In many parts of North America, forsythia are the harbingers of spring. Many highways are planted with this deciduous shrub, and homeowners love their carefree growth and early spring blossoms. The bright golden showers of petals along the arching sprays of forsythia branches seem to shout with joy that winter is finally gone - and spring is here!
Native to Asia, with one species native to Europe, the 11 species of forsythia bloom along flexible stems, with the bell-shaped golden flowers emerging before the leaves. The early spring flowers are much beloved of bees, who often struggle to find nectar sources early in the spring, and the Spicebush Swallowtail butterfly likes to hide her cocoons among the boughs of forsythia.
Forsythia grow quickly once established. Plants added to the garden quickly set down vigorous roots. Most species attain a final height of three to 10 feet if they aren’t pruned. They prefer full sun, but also tolerate partial shade.
Most varieties of forsythia look lovely when left to grow in their wild, slightly unkempt state, but if you have forsythia lining the edge of your driveway or yard, you know how quickly the natural look can turn into the crazy-car-scraping-look that annoys the heck out of you every time you pull in and out of your garage. If your forsythia have grown too large for the space where they’re planted or you’d prefer to trim them into a more pleasing shape, follow these tips for pruning forsythia to ensure their health and vigorous blooms the following spring.
- When to prune: The best time to prune forsythia is in the spring, after the plant has finished flowering. Forsythia develop blossoms for the following spring in the fall. Pruning too late in the year, or in the winter before flowering, cuts out most of the flowering branches and may leave you without flowers this year.
- Equipment: Use a pair of sharp pruning shears. Clean the blades with an alcohol wipe. Rubbing alcohol destroys bacteria and other microorganisms that can be spread from plant to plant during pruning in the open wounds or cuts made by the pruning shears.
- How to prune forsythia: It’s best to thin the canes and trim the ends gently rather than try to shape the plant into a ball shape. It’s healthier for the plant if you prune away some of the older canes to allow for better air circulation among the branches. Cut the branches as close to the base of the plant as you can.
Forsythia are fun to propagate, and you can easily grow several more plants from an existing mature hedge.
The best time to propagate forsythia is June and July, when the plant produces vigorous new shoots. Forsythia can be propagate from soft wood cuttings. Look for a new flush of growth among the branches, and choose your cuttings carefully, seeking healthy, vigorous branches.
Clean your pruning shears with alcohol and take several cuttings from among this new growth. Each branch should be at least four to six inches long. Strip off the leaves or pick off the leaves on the lower half of the cutting. Dip the end into rooting hormone, then place the end with the rooting hormone into a pot of rooting medium. You can also use perlite. Several cuttings can be rooted at once in a flat or tray, or use small pots for your propagation experiment.
After inserting the cut end into the pot, firm the soil with your fingers and water it well. Use a clear plastic bag, such as a bag from the produce department of the supermarket, to cover the top of the tray or pot like a dome. This creates a sort of miniature greenhouse to keep the cuttings moist and the humidity high.

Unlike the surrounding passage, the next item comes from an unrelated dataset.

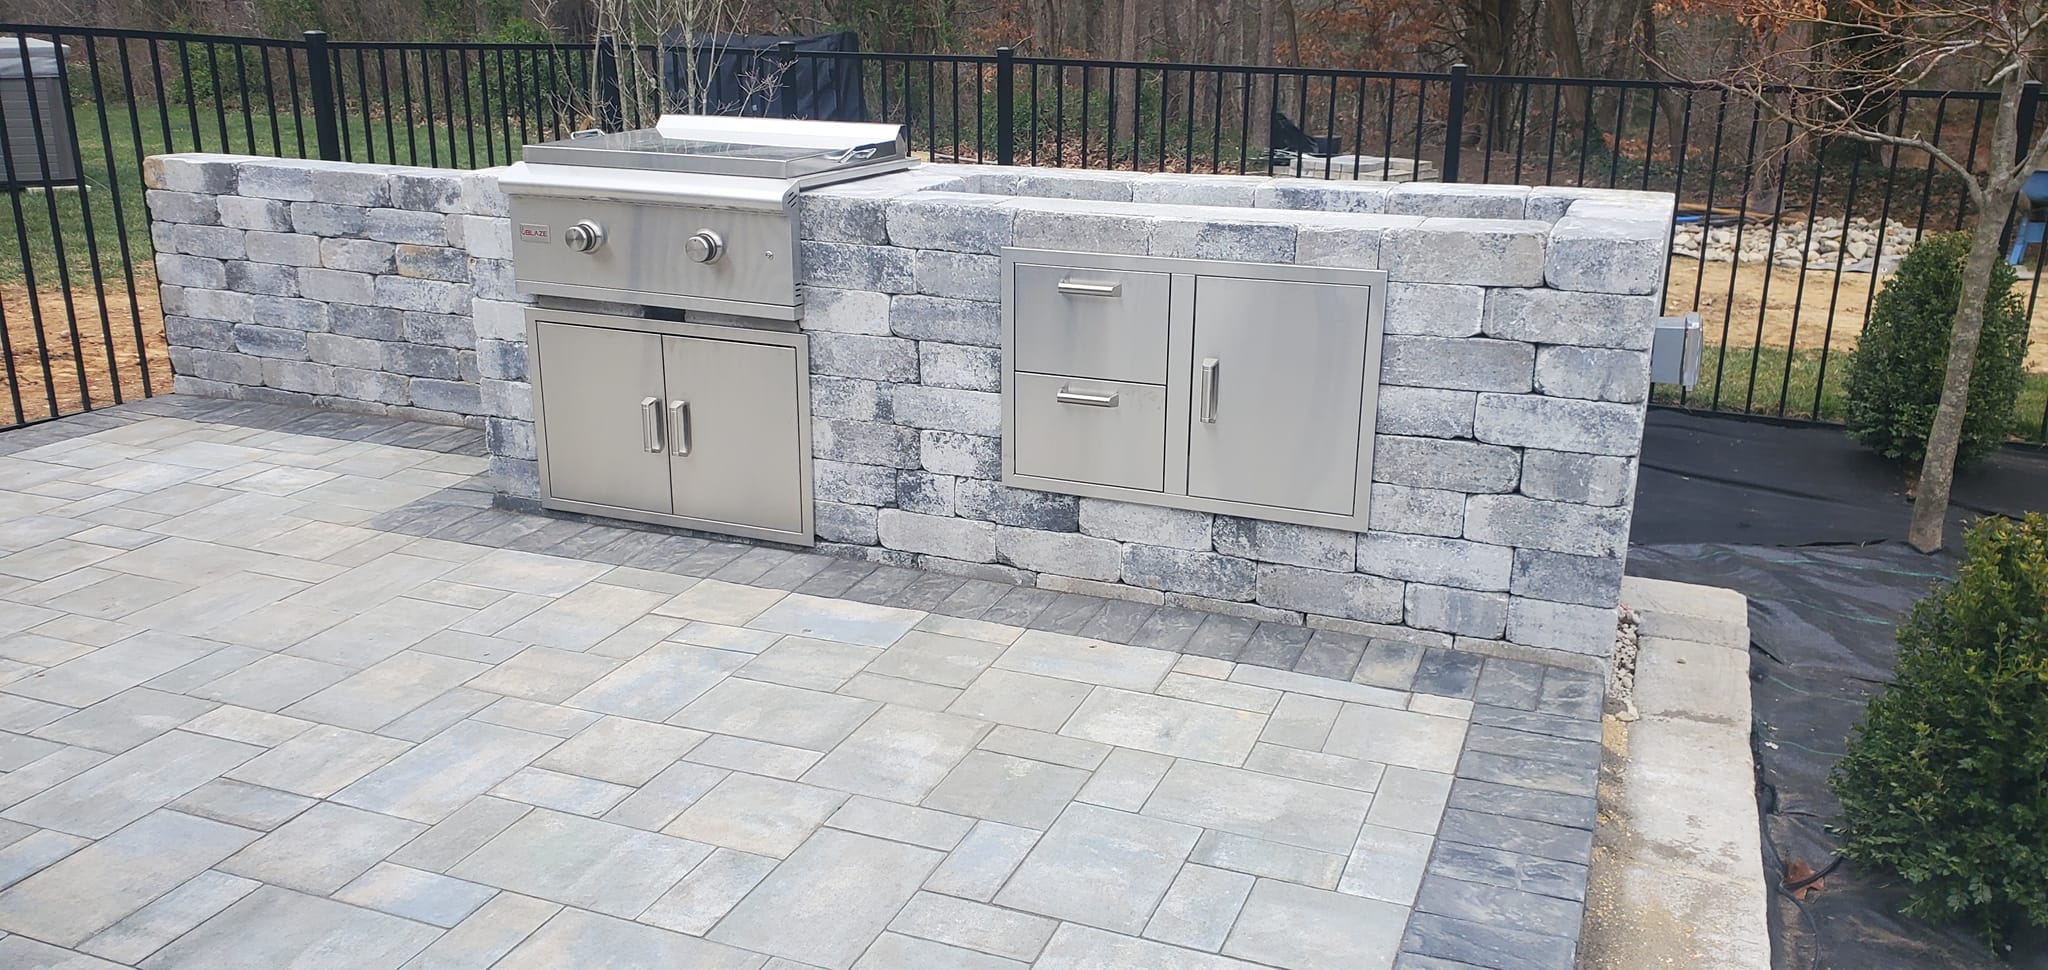 Adam's Lawn & Landscaping White Plains Maryland Paver Patio Kitchen

Place the covered forsythia cuttings in a bright, sunny spot, but not in direct sunlight. Within six to eight weeks, the cuttings should root, and you’ll see new leaves begin to emerge. At this stage, transfer them to larger containers with sterile potting soil, and continue to nurture them along. Plant them in the fall so that they get a head start on root development for the following spring.
Propagating via Layering
Another popular method of propagating forsythia is through a process called layering. Many plants such as lavender and forsythia develop new roots along the woody stems when the stems touch the ground. You can help this natural habit along and grow a forsythia hedge by using simple layering techniques.
To grow a new forsythia plant by layering, follow these steps:
- Use a mature, healthy forsythia plant as the parent plant. It should have at least one long cane on the side where you wish to grow the new shrub. The cane should naturally reach the ground.
- Layering can be done in the early spring while the plant is dormant or during the late fall.
- Bend the brand to the ground. A sharp bend tends to help the plant root more easily.
- Use a U-shaped landscape staple, the kind use to affix landscape fabric to the ground, or make a U-shaped bracket by cutting a piece of wire from a coat hanger and bending it into shape. Use the bracket to affix the middle of the flexible branch to the ground.
- Cover the portion of the branch touching the ground with soil. You may also wish to use a clean, sterilize knife to make a little wound or two under the side of the branch touching the ground.
- That’s it. Just water it well, and look for new growth near the bend. New growth usually indicates a separate shrub has grown at the bend.
- You can leave the new plant where it is, or transplant it once it has grown several sets of leaves.
Forsythia are one of nature’s joys, and certainly a favorite for many homeowners. The more forsythia, the better, it seems. Grow more by using these two simple propagation methods this year and have fun with forsythia.